Thank you. Two questions from me. Sorry if I missed, if you already touched it. First, on the CD and the stars, your balance sheet is very, very strong. You have the ambition to increase your portfolio. It's been shrinking here for a while. I'm a little bit curious on how forward-leaning you could be. Are you willing to start without pre-leasing or should we monitor the market when it comes to the leasing side to understand how quickly you can ramp up that side of the business?
Hi Stefan, this is Magnus here. That's almost impossible to give you a general answer to that because every property and every opportunity, product opportunity is unique. So we do make that assessment on a project by project basis. We have a have some sub markets that are really good today and then we have some sub markets that are sort of weaker in terms of leasing so those are things that we need to take into account when we make that assessment on a project by project basis but of course the slower leasing overall that's not necessarily something that makes you accelerate the project start but we do have the balance sheet for it and we do have the risk appetite to sort of believe that we can we can handle a slightly weaker leasing market as we have as well. So our ambition to grow the investment in commercial development, that is definitely still here. And we have to recall also that we started seven projects in the first quarter. So we're definitely not inactive in this. We do see quite a lot of opportunities and we act on them. These seven projects then contribute with around three billion in total investment that we add to our portfolio.
And then connected to that, on the land side, how do you see opportunities there price-wise, both residential and CD? I mean, residential, I guess, hasn't eased the demand, but on the commercial side, do you see great opportunities to find new stocks? You mentioned the one you did just before year-end, but how does the market look right now?

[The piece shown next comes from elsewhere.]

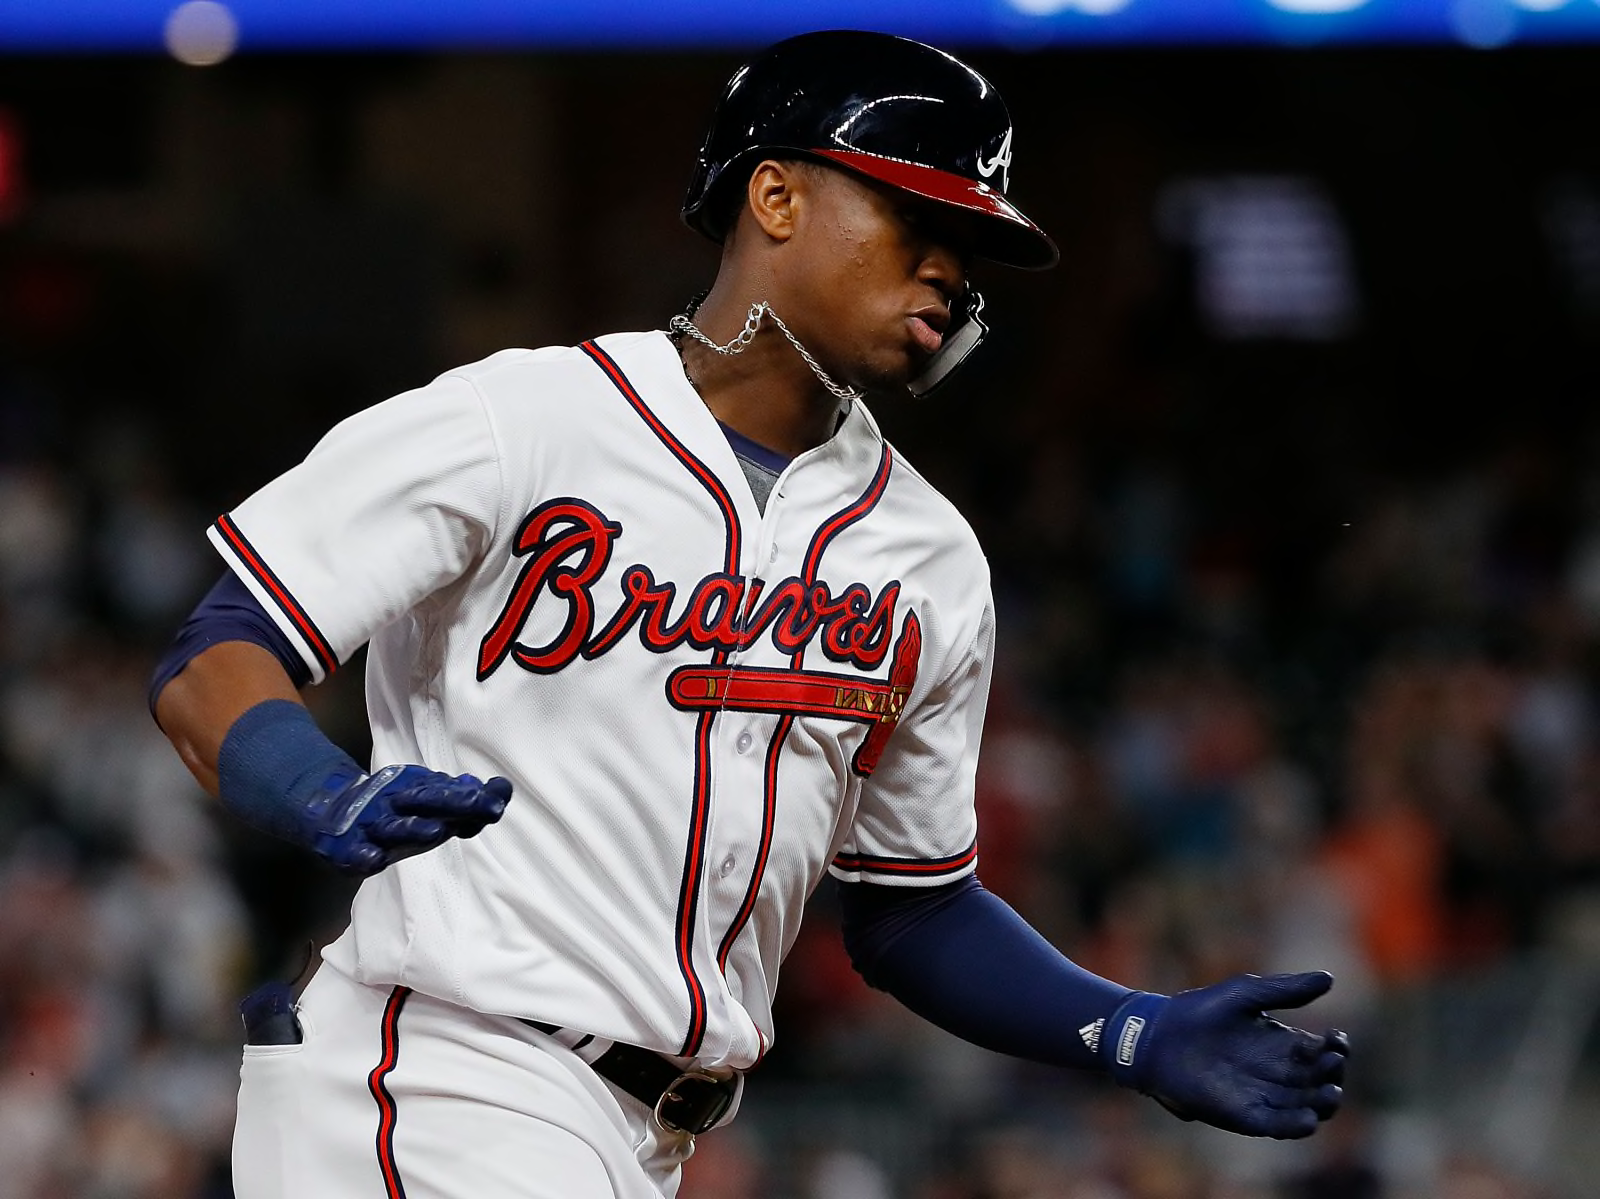 Ronald Acuna The Next National League Rookie of the Year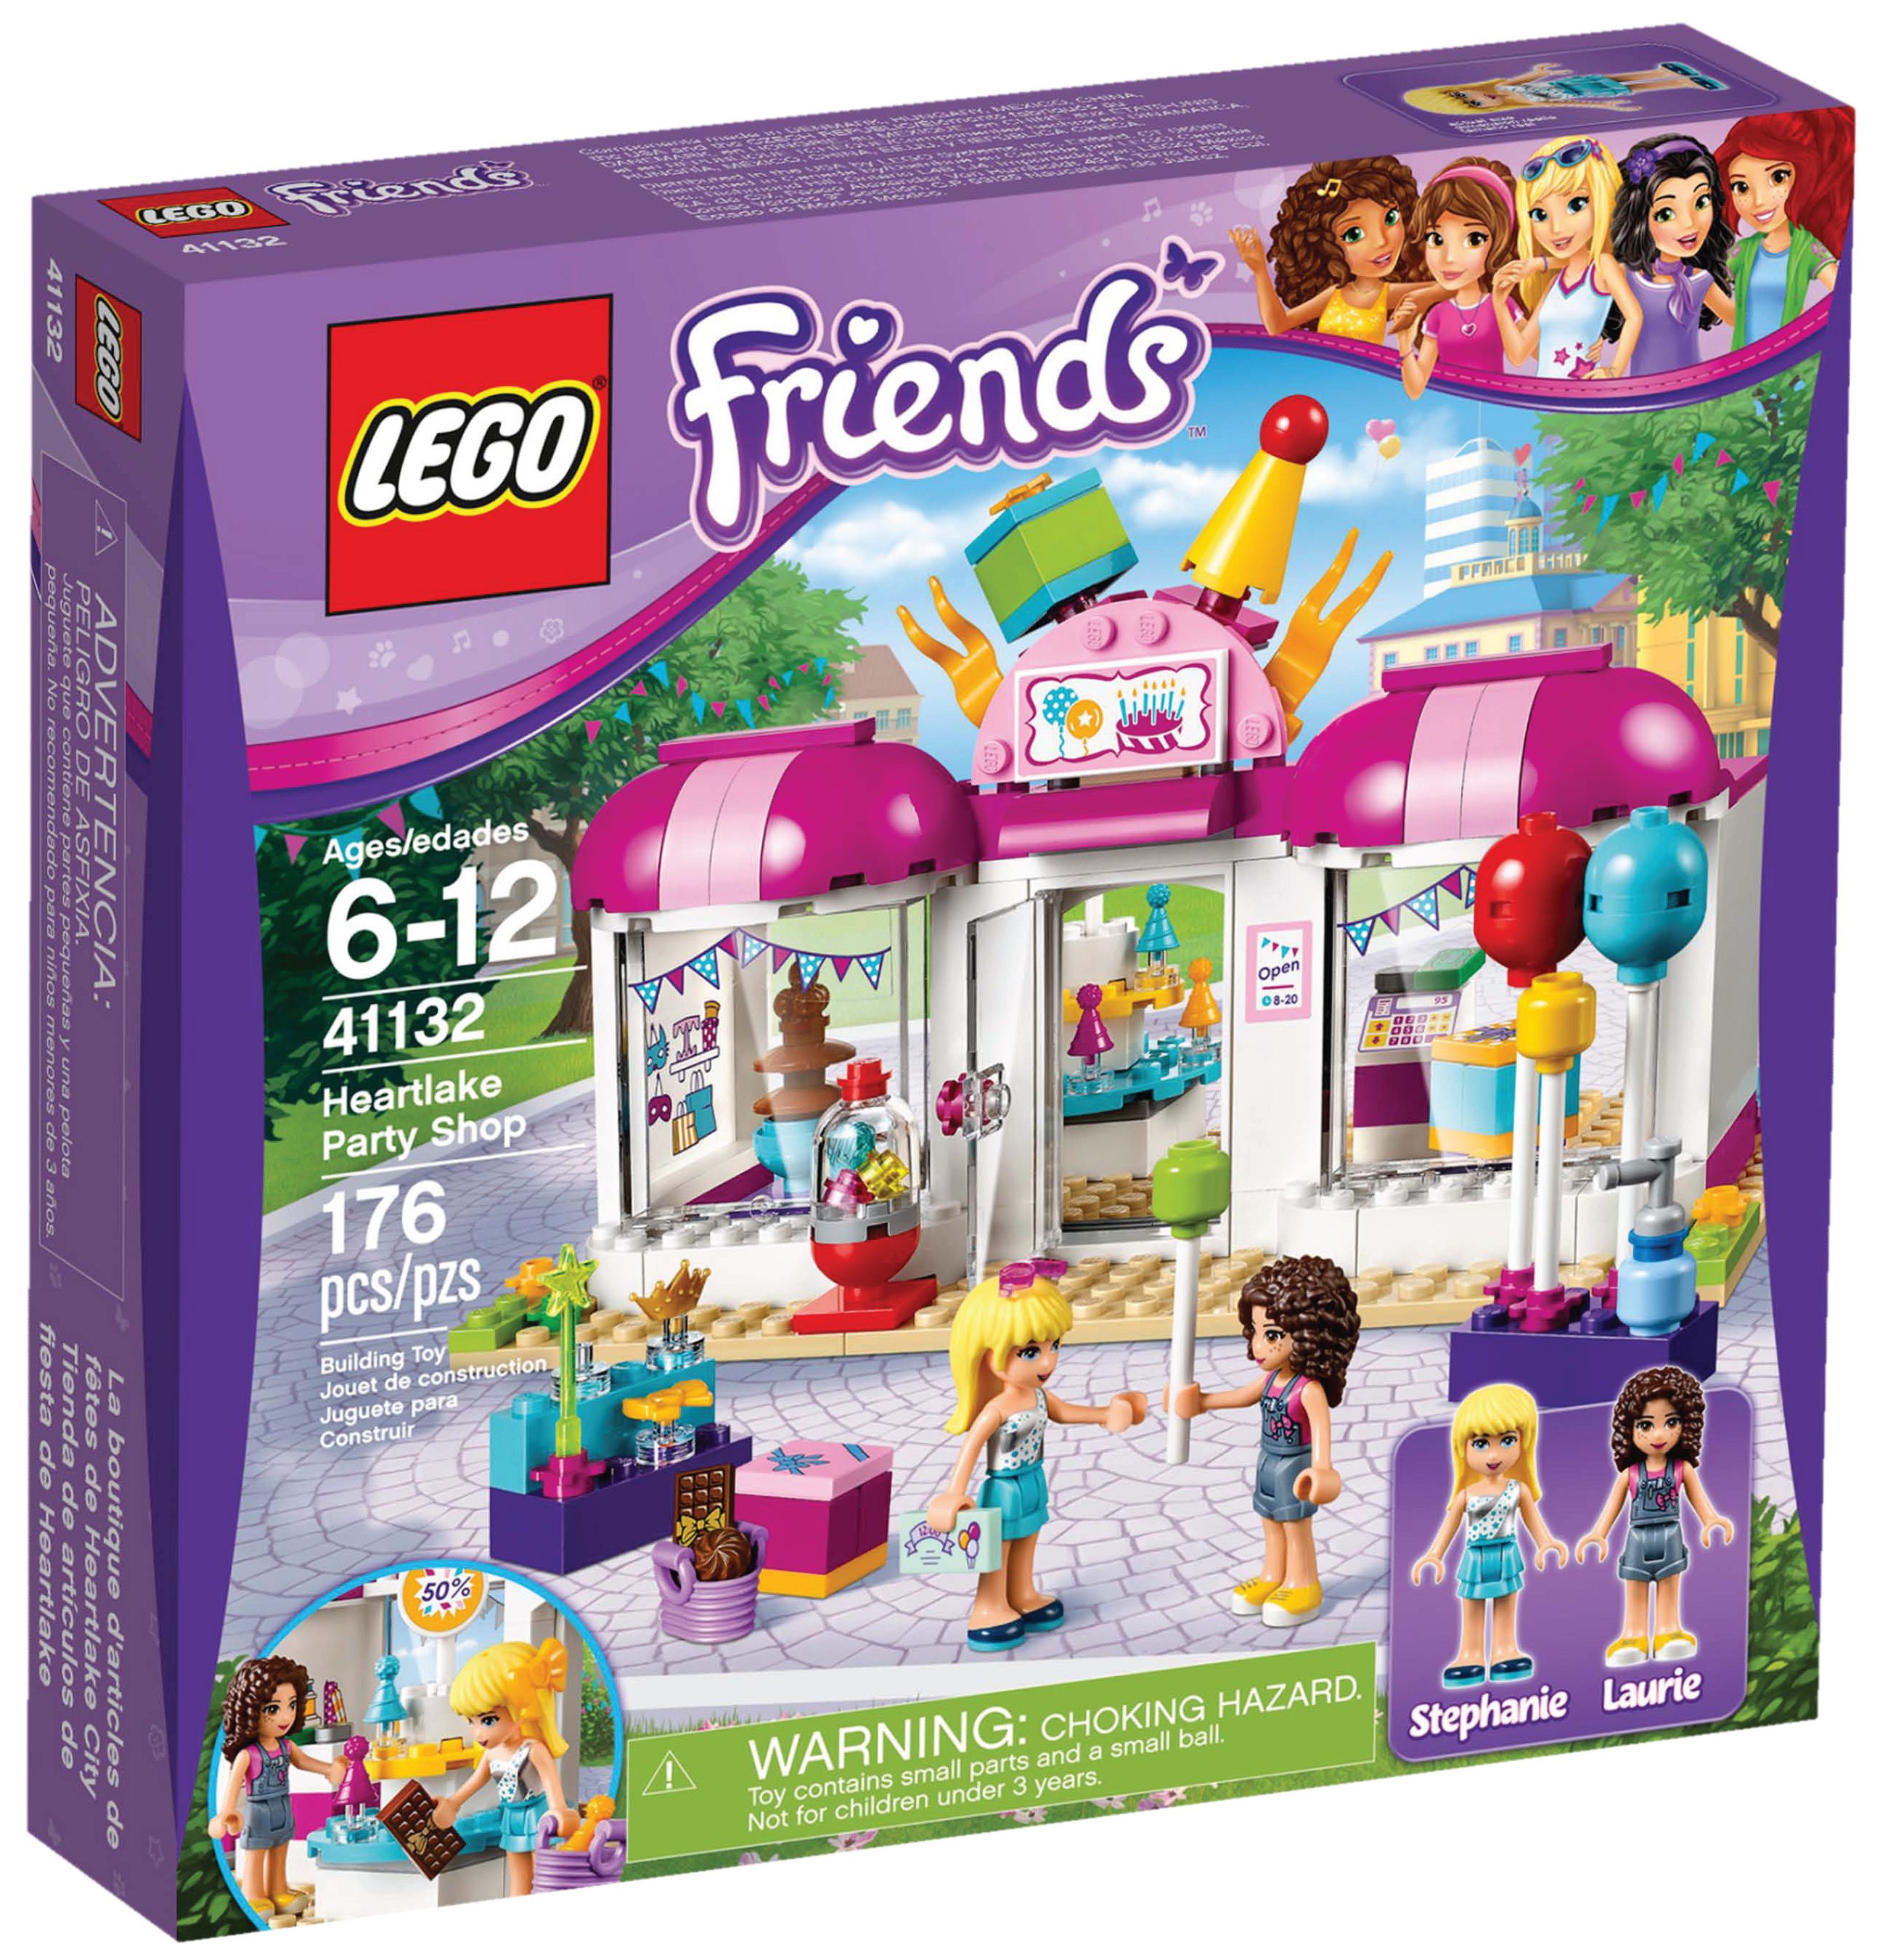 Take a Look At The Official Images of LEGO Friends

I think the market is not bad for that. Of course, land prices have gone up. There's been a trend over quite a few years, which is why it is so important to have the stable financial situation that we have as a group with our balance sheet and the strong funding that is secured to the group, because that gives us the ability to really take opportunities that seldom come out on the market and when they do sort of we can be there and we can be a serious player and sellers can trust us that you know we have the capacity to fulfill the deals so I think this situation here has created a few opportunities for us that we have acted on and that's of course doesn't show in the P&L today I'm very convinced it will show in the P&L out in the future
Okay, great. Thank you. And then the second part of the question, or the second question, looking more to the Nordic market, I guess, but just trying to get some sense of your competitive situation. When we're looking at the bigger players in the Nordics, PR, BC, EU, Vedek, if we should include Sarnak here, I don't know, but I mean, seeing that on the construction side, you've all been moving in the same direction in the last few years, saying, okay, we should avoid the big, complicated projects and guard our margins, you know, stay away. I guess we've seen some local media announcements in Sweden where there's been some road projects where there weren't even tenders handed in. So my question is, and this is for Nordic primarily, Has this dynamic changed the pricing in any way? Have you seen that pricing is becoming better in the tenders? And the second part of this question is, of course, has the international players instead taken that gap and therefore the situation has not improved?
I would say that the competition is still fierce, especially on the civil side where we see more international competition. But we also see fierce competition on the building side. I think that has been for a while, quite many years. That's nothing new. And if I talk about our strategy, we're not afraid of large, complex projects. That's not it. But it has to be the right risk balance in the project, the risk balance between us as a contractor and the client. So we're working with that and we're prioritizing projects where we can see the right risk balance. And so we're not afraid. That's our conclusion. And we're going for quite large projects in the Nordic as well. So that's both sailing in civil and building. And the key for success here is to prioritize the project where we can see that we have a competitive advantage. It could be that we have a strong team, we have a good track record. in that type of project and that's the number one key for success and then that you of course have the right contract and the right client as well okay so my understanding of your answer is that no real change in price really it's still competitive
And then a follow-up, sorry, on that as well. On the raw material side, the input side, we see some movements here on the raw material side, as you know. Is that something that could have an impact, or are you handling that in a good way?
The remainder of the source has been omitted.